I often encounter scenarios where query-tuning isn’t just about speed-it’s about understanding how SQL Server processes data and which patterns yield the best results. Recently, I explored how different query patterns for filtering dates affect performance. For my tests, I used SET STATISTICS IO ON
and SET STATISTICS TIME ON
.
Setup
I tasked myself with retrieving user activity from the StackOverflow database Users
table, specifically for the year 2017, since the database I have only has data up through 2018. The table has millions of rows, so I thought this would be a perfect example. A quick note: there is a non-clustered index covering this query, which I’ve scripted below for you to check. LastAccessDate
is a datetime column.
USE [StackOverflow]
GO
SET ANSI_PADDING ON
GO
CREATE NONCLUSTERED INDEX [IX_LastAccessDate_DisplayName_Reputation] ON [dbo].[Users]
(
[LastAccessDate] ASC,
[DisplayName] ASC,
[Reputation] ASC
)WITH (PAD_INDEX = OFF, STATISTICS_NORECOMPUTE = OFF, SORT_IN_TEMPDB = OFF, DROP_EXISTING = OFF, ONLINE = OFF, ALLOW_ROW_LOCKS = ON, ALLOW_PAGE_LOCKS = ON, FILLFACTOR = 100, OPTIMIZE_FOR_SEQUENTIAL_KEY = OFF) ON [PRIMARY]
GO
Here are the six approaches I tested, along with my results.
1. For this query, I used BETWEEN
with precise timestamps. This is probably the most common method I see in the wild.
2. Next, I used >=
and <
again with precise timestamps. This method is also relatively common.
I’d argue there’s nothing unusual so far. Both queries are running fast enough for my needs, and I got the data I expected. Lets keep going.
3. Next, I used BETWEEN
again, but without the precise timestamps. I wanted to see if using less precise date format would make my query non-sargable.
We see no significant degradation to the performance of the query in terms of speed or reads, but if you look closely, I actually got a few thousand fewer rows than my other two tests. We’ll talk more about that later.
4. After that, I decided to use the same idea for >=
and <
. To which there was nothing significant to report.
5. Next, I chose to use BETWEEN
again, but convert the datetime value to a VARCHAR to manipulate the date format.

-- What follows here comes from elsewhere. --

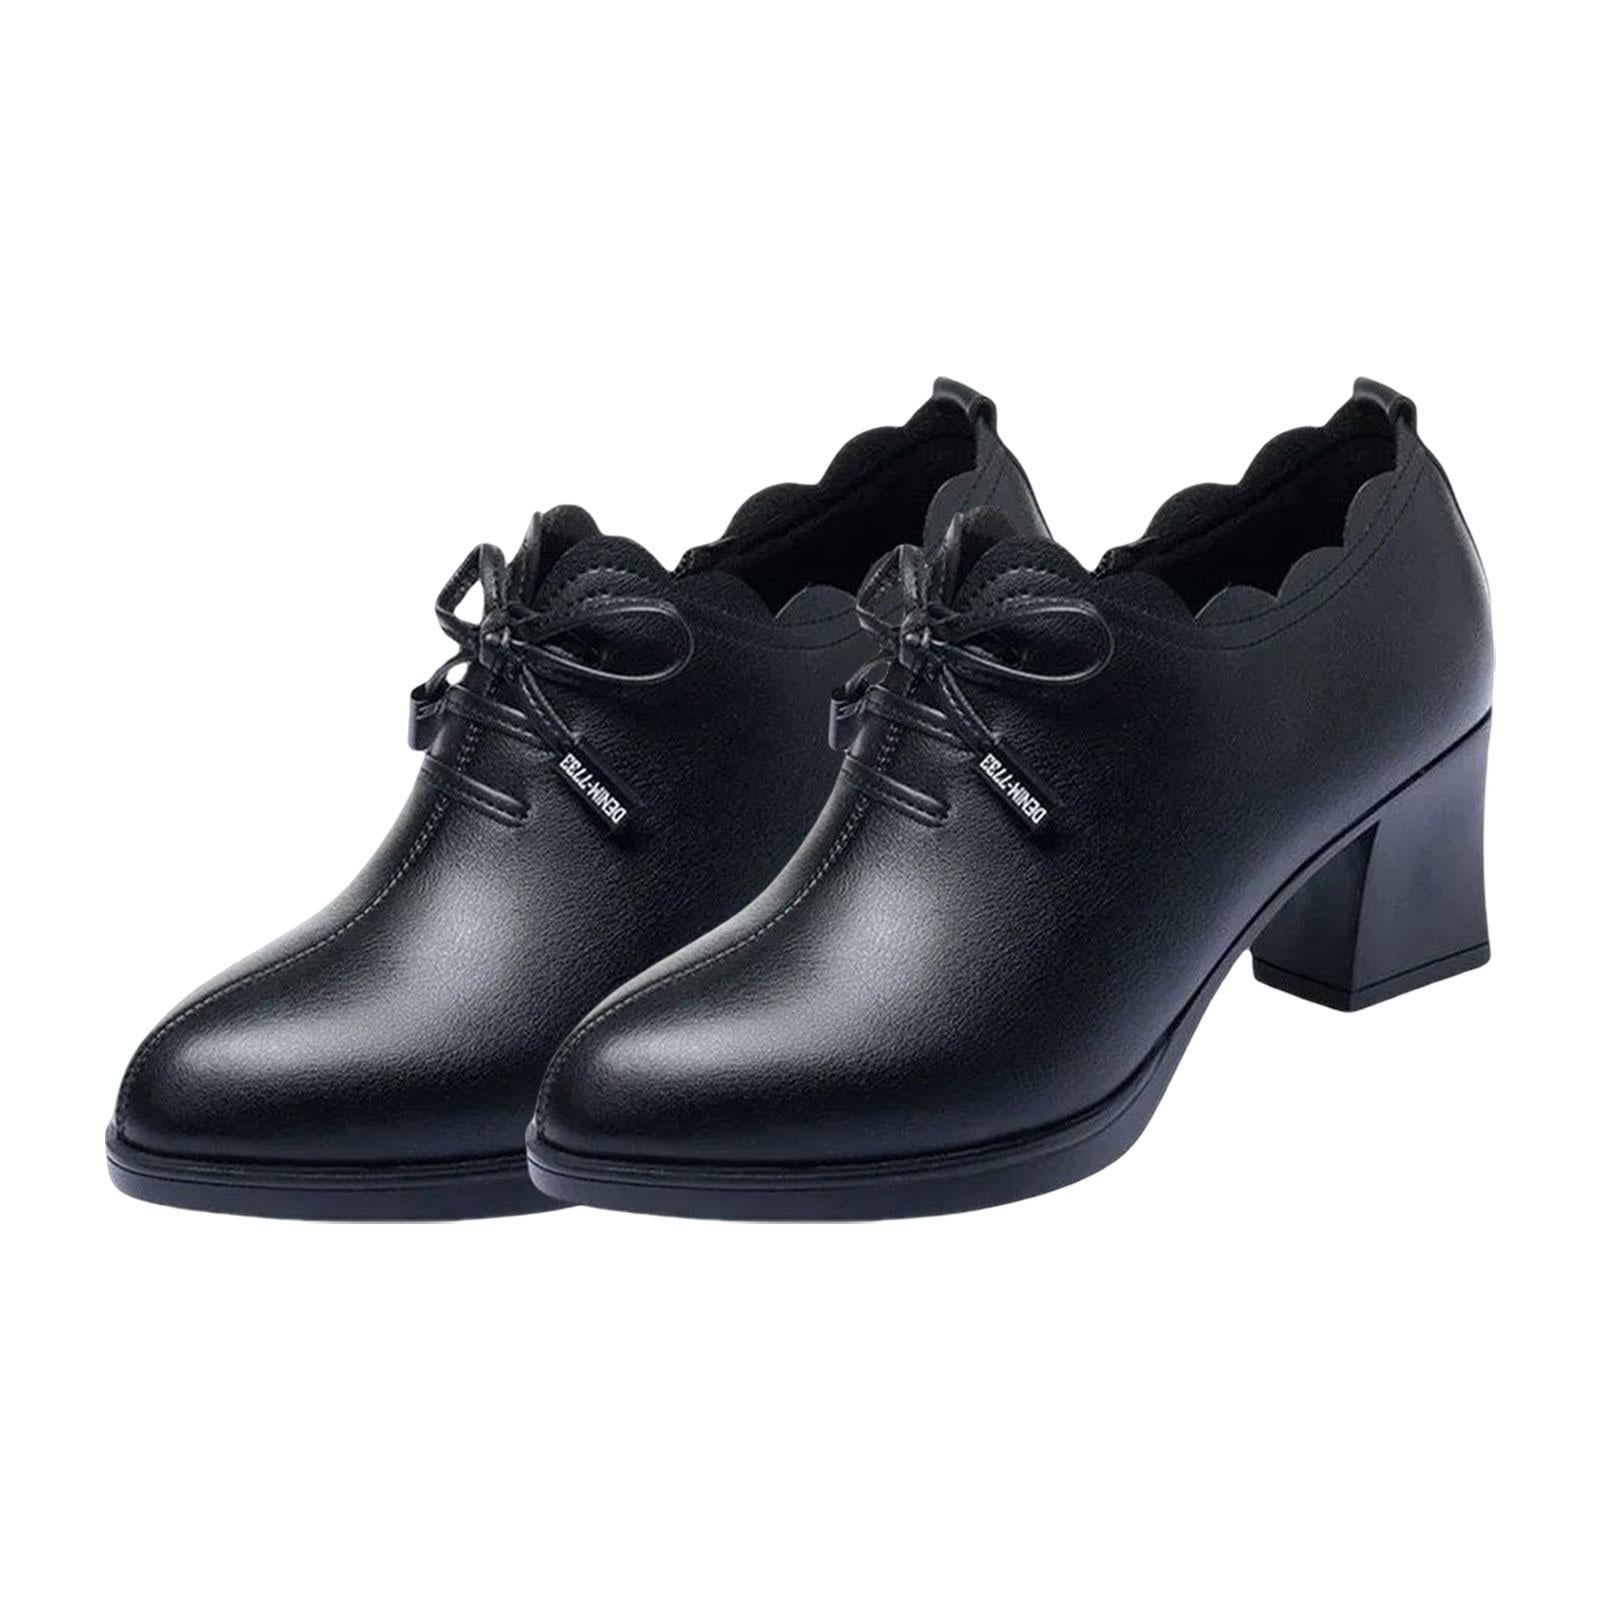 Black buckle on top slip on low heel dress shoe + FREE SHIPPING | Womens  heel dress shoes online 2634WS
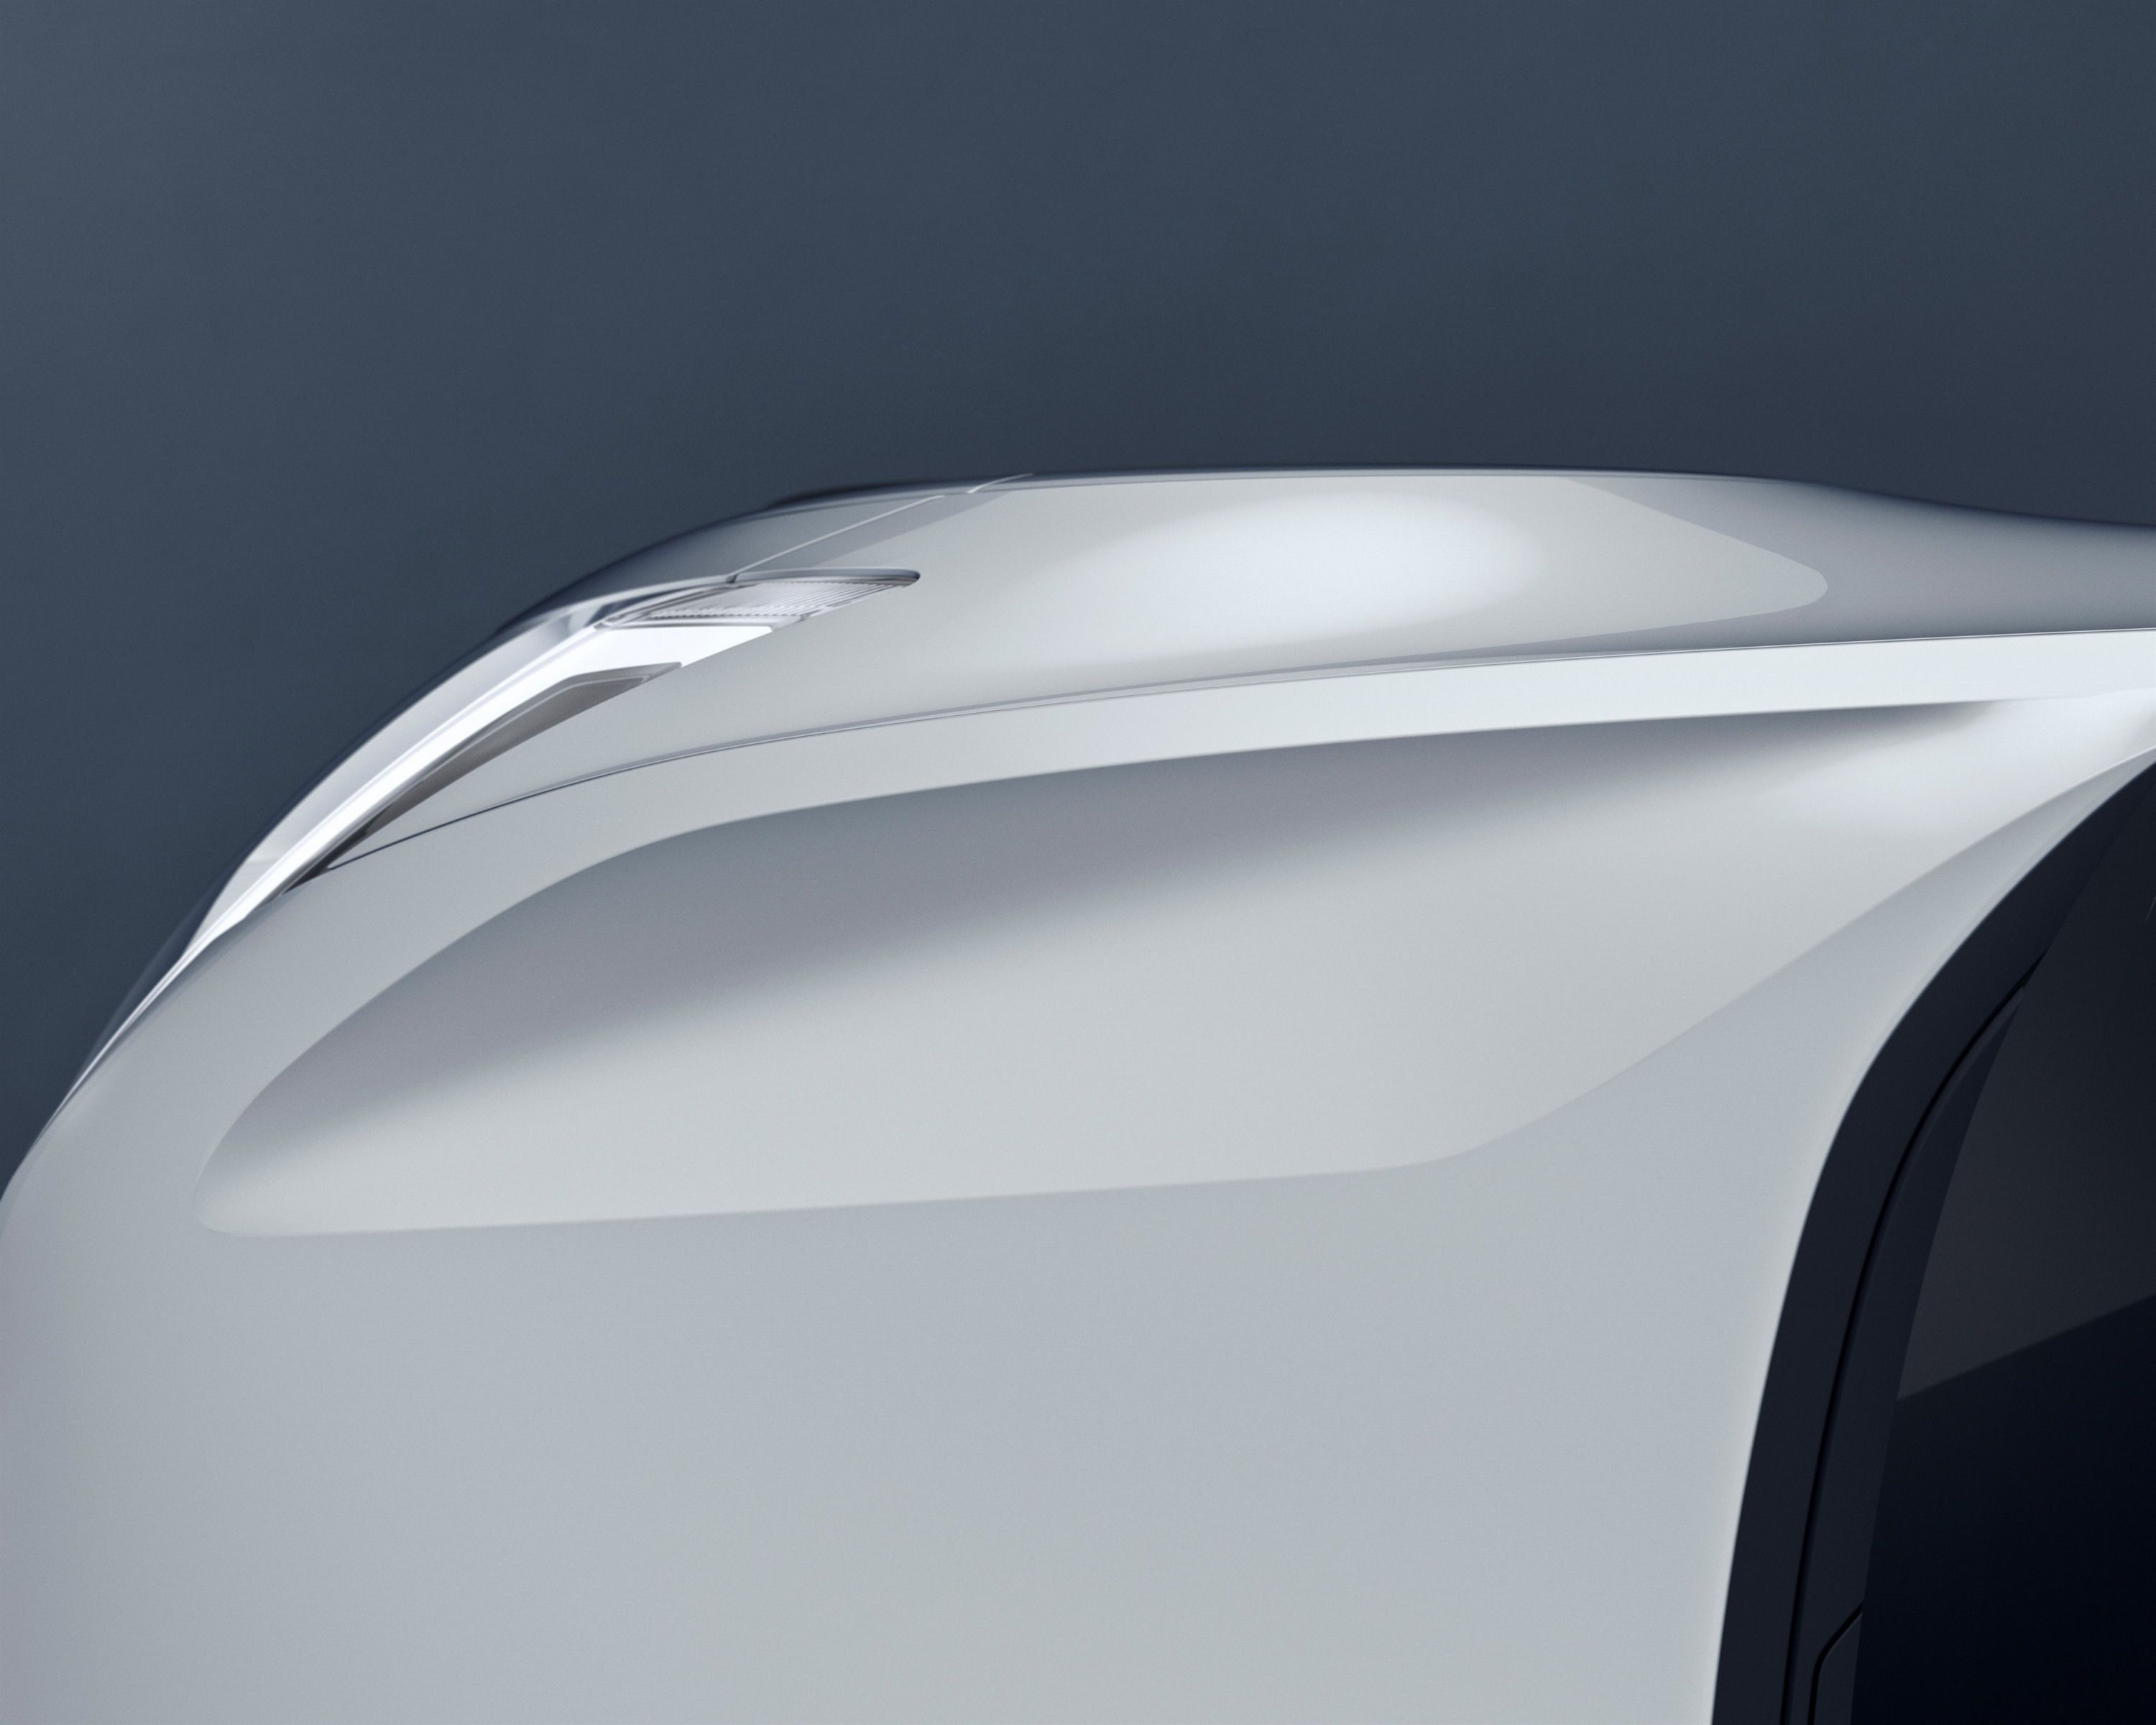 2016 Volvo Concept 40

6. Lastly, doing this but with >=
and <
and converting the datetime value to a VARCHAR, as I did in step 5.
Final Thoughts
Clearly, logical reads skyrocket when using CONVERT or similar formatting functions. This happens because they render queries non-sargable and lead to table scans instead of index seeks. Additionally, simplified date ranges using >=
and <
outperform BETWEEN
due to better clarity and consistency, particularly with time boundaries. Finally, subtle errors like the fewer rows returned in Query 3 emphasize the importance of precise filtering logic. Needless to say, I’ll be avoiding CONVERT and BETWEEN on my datetime columns from now on.
Since I’m writing this on December 31st, 2024, I want to wish everyone a happy New Year! Thank you for reading!